America is not all Land of the Free and Home of the Depraved, as Hollywood would have you believe. Despite its hard-boiled pretensions, New York is a city with heart and taste. Take the stately home museum built by Henry Frick now populated with some of the most memorable European classical and English romantic paintings from Rembrandt and Renoir to Turner and Gainsborough. The Frick Collection (www.frick.org) is a splendid warm-up act for the stately echoing corridors of The Metropolitan Museum of Art (www.metmuseum.org).

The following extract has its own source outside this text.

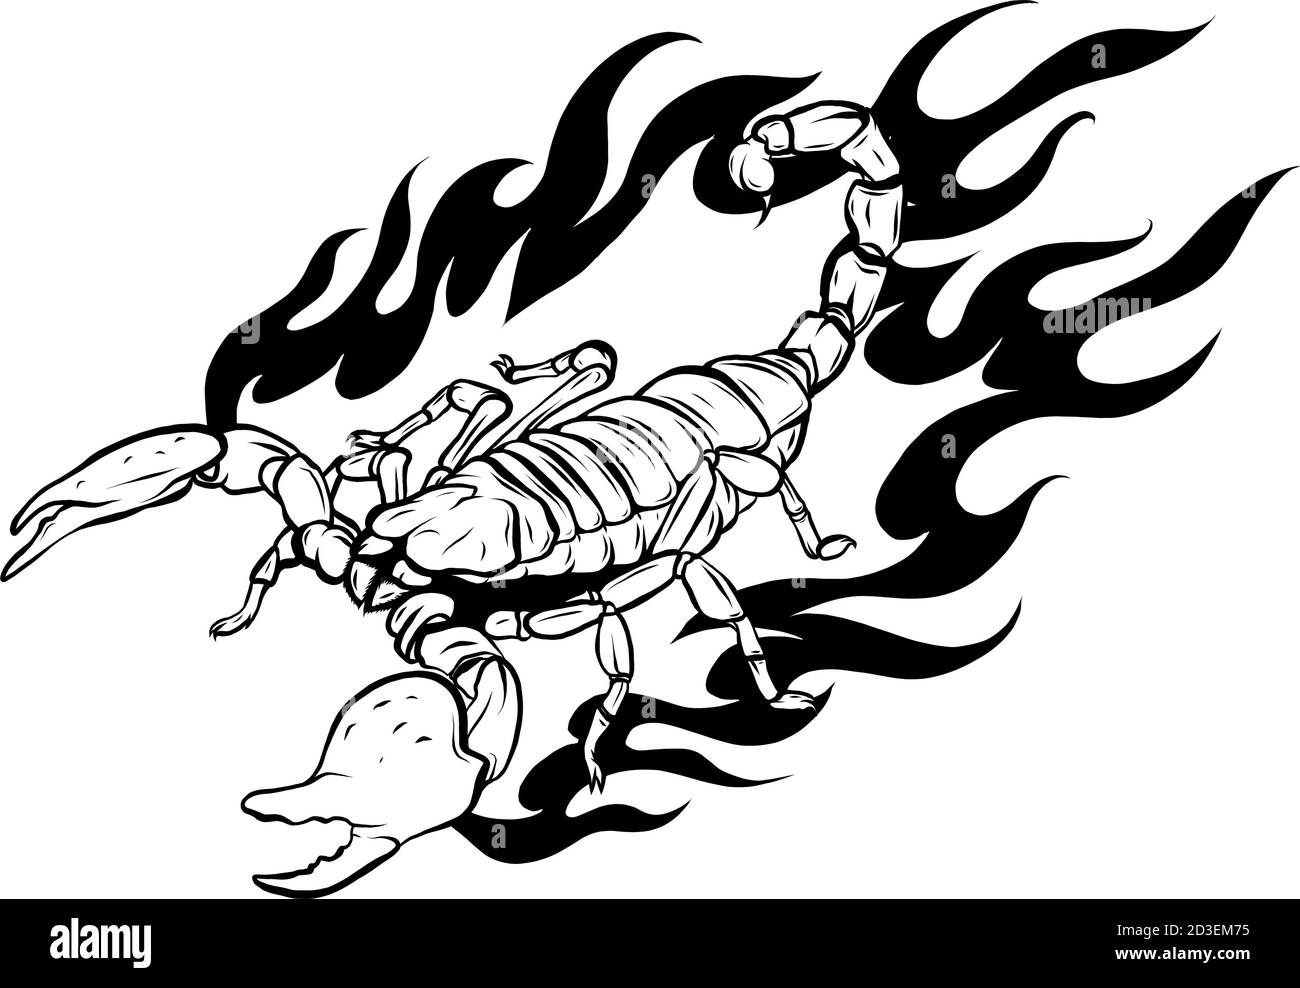 Ce scorpion avec motif d'illustration de vecteur de feu Illustration de Vecteur
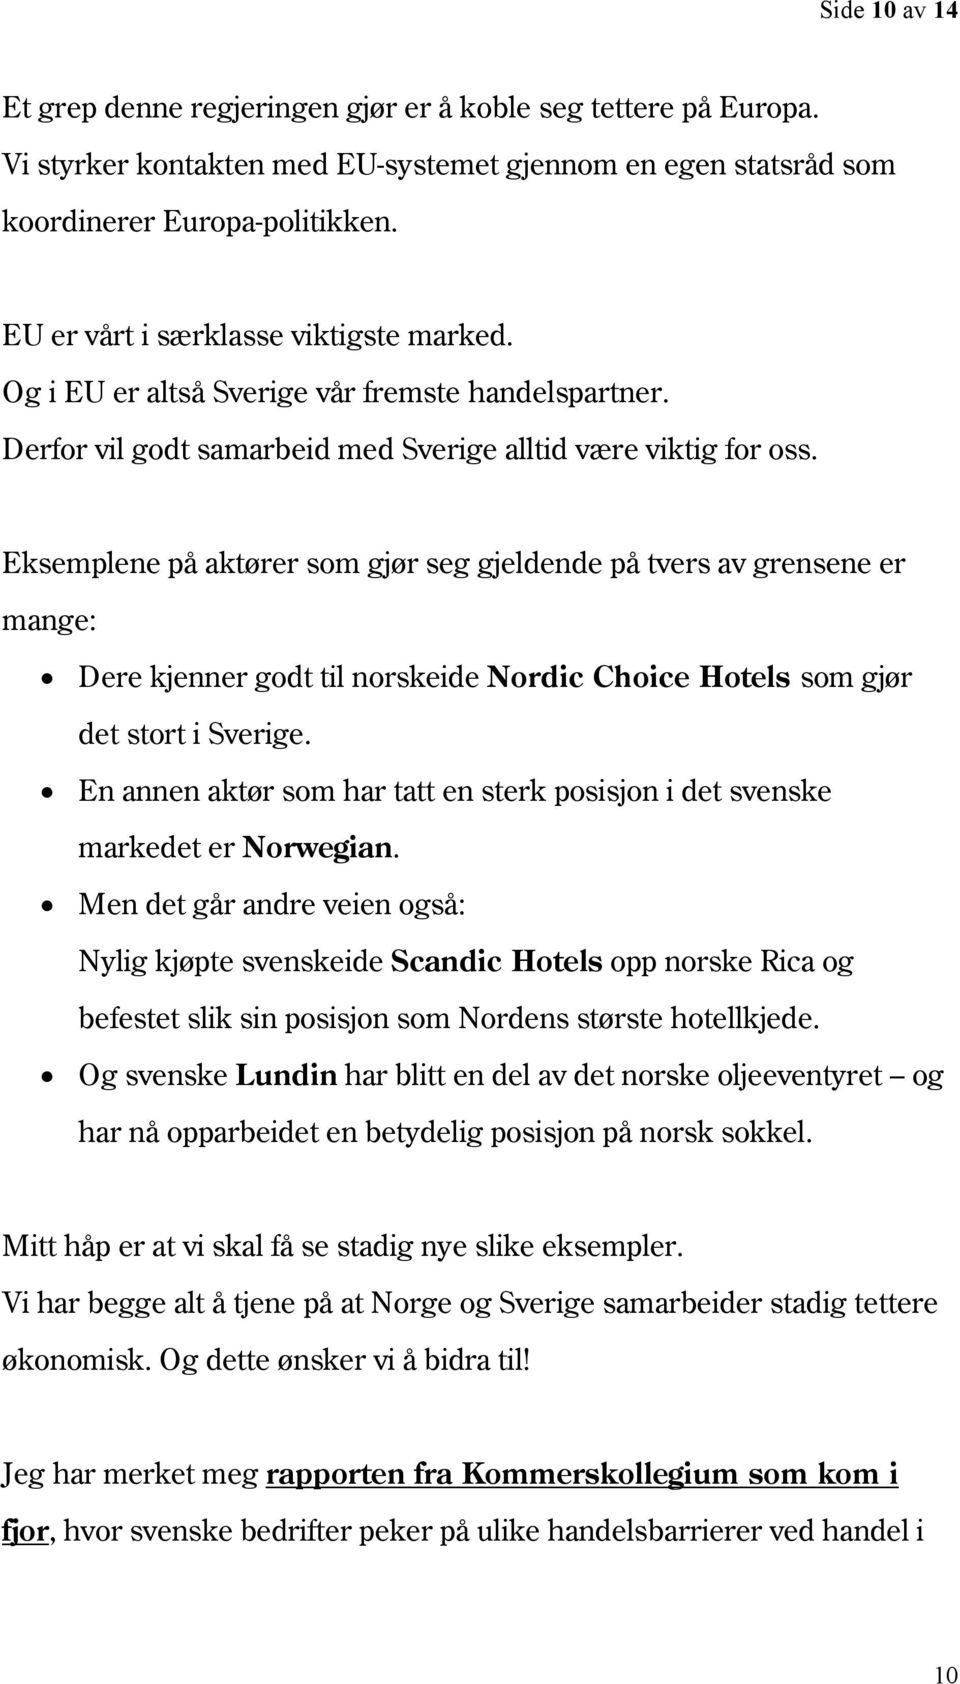 Eksemplene på aktører som gjør seg gjeldende på tvers av grensene er mange: Dere kjenner godt til norskeide Nordic Choice Hotels som gjør det stort i Sverige.

So when Arizona gubernatorial candidate Tim James came on the telly snarling about the indignity of allowing state driver license tests in 12 languages (“This is Alabama. We speak English. If you want to live here, learn it”), I shrugged. It was water off a duck’s back. That’s a state where tough new immigration laws mean if you don't have enough talcum powder on your face the police might pull you over. I wasn’t worried about Arizona. The Yanks will take it in their stride, as they always do.

After the humungous succulent pulled pork sandwich at the BB King Blues Club & Grill (www.bbkingblues.com) I pondered the recklessly proliferating inches along my very own Wild Waist. Oh for some dim sum and the comfort of a paltry 40 homicides. Hello Hong Kong. I’ve no idea if I still smell Sicilian.